Meanwhile, Asia’s regulatory landscape reflects a mix of pragmatism and competition. Jurisdictions such as Singapore, Japan, and Hong Kong maintain relatively flexible approaches, balancing risk management, user protection, and financial innovation. The Hong Kong Monetary Authority recently expressed support for fiat-backed stablecoins and even proposed the possibility of a “local Hong Kong dollar stablecoin,” signaling openness to regional on-chain currencies. Gulf states like the UAE and Saudi Arabia are actively introducing stablecoin settlement mechanisms, promoting coexistence between CBDCs and stablecoins to build next-generation cross-border payment networks. Clearly, amid regulatory uncertainty in the U.S. and EU, many emerging markets are leveraging stablecoins to compete for influence in shaping fintech governance rules.
The core of the regulatory battle over stablecoins reflects a deeper conflict: the irreconcilable tension among monetary sovereignty, financial stability, and technological innovation. For decades, currency issuance and payment clearing systems were controlled by central and commercial banks. Stablecoins, as privately-led digital currencies, have rapidly embedded themselves into global payments, transactions, financing, and savings—bypassing traditional monetary creation pathways. This disintermediation challenges the core logic of traditional finance and poses a latent threat to central banks’ role as lenders of last resort. During systemic crises or black swan events, if stablecoin users collectively redeem en masse without official backing, it could trigger severe liquidity risks for both on-chain financial ecosystems and issuing entities—potentially spilling over into TradFi markets and amplifying broader financial instability.

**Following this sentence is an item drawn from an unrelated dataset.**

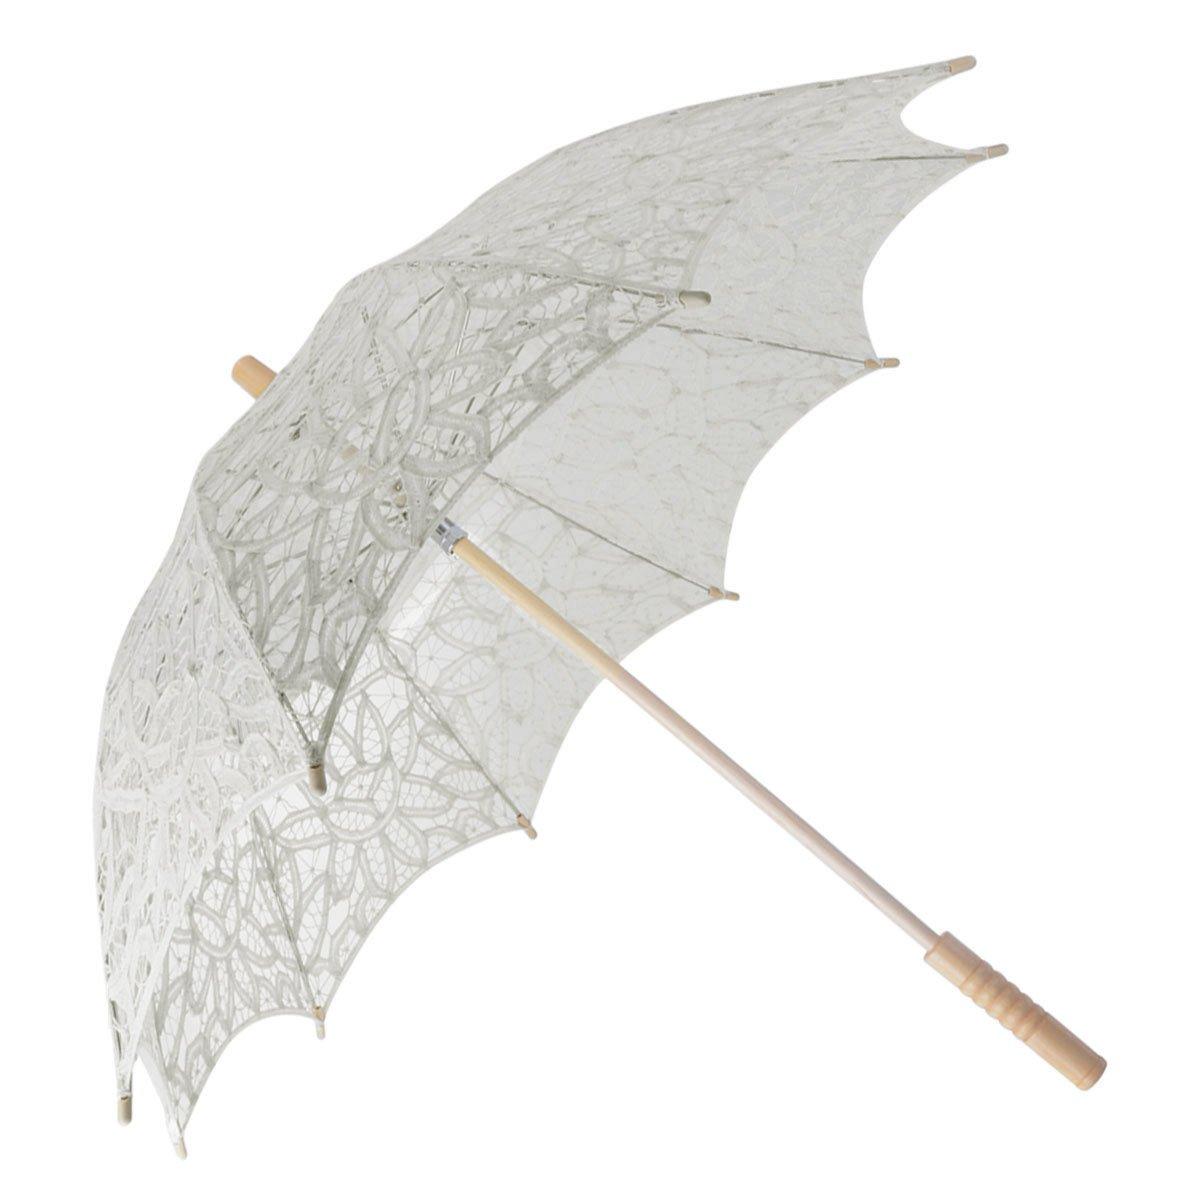 Fascigirl Spitze Sonnenschirm Regenschirm für Braut Brautjungfer Hochzeit
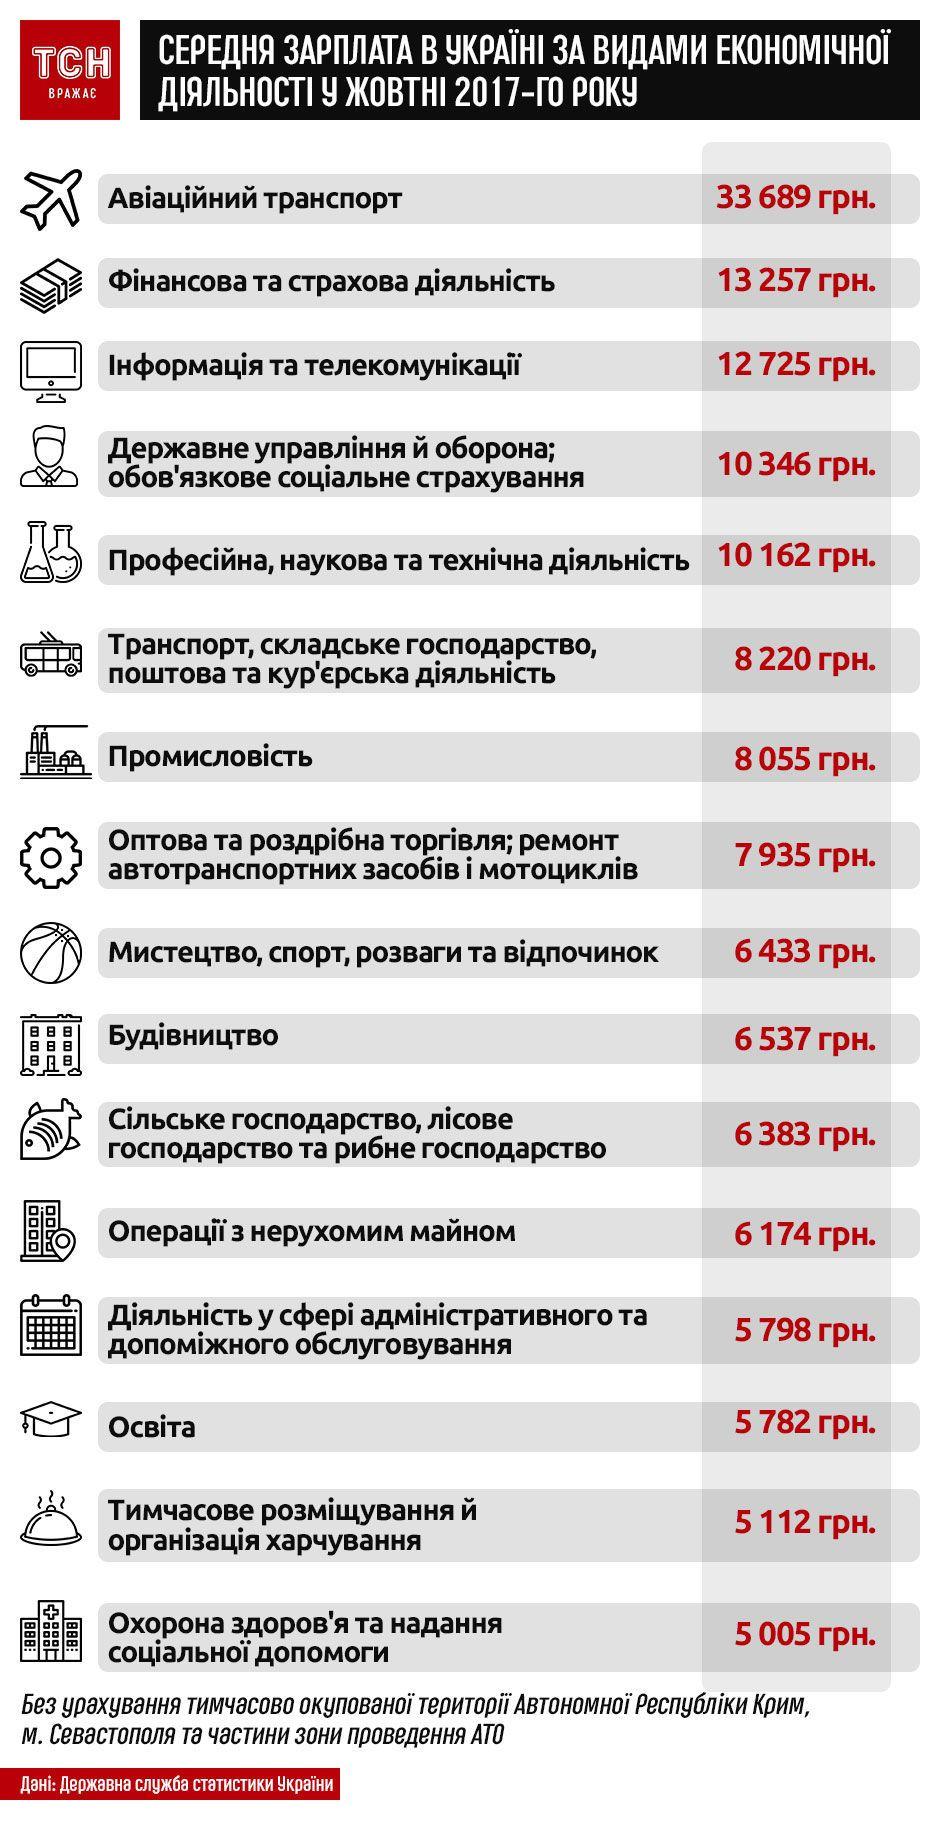 зарплати в Україні в жовтні 2017 року за галузями. Інфографіка

For this reason, global central banks and regulators have yet to reach consensus on how to define stablecoins. They are neither electronic money in the traditional sense nor fully equivalent to bank liabilities. Rather, they resemble a “third form of money” suspended between traditional finance and crypto networks—one that cannot yet be fully integrated into existing legal frameworks. Around this ambiguity, regulatory battles will persist in the coming years. Simultaneously, some central banks are proactively developing CBDCs to compete with stablecoins in payments and value storage. Examples include China’s digital yuan, the ECB’s digital euro, and India’s e-rupee—all of which have entered testing and limited circulation phases. This trend reveals an emerging strategic dynamic of competition and cooperation between official monetary systems and on-chain stablecoins.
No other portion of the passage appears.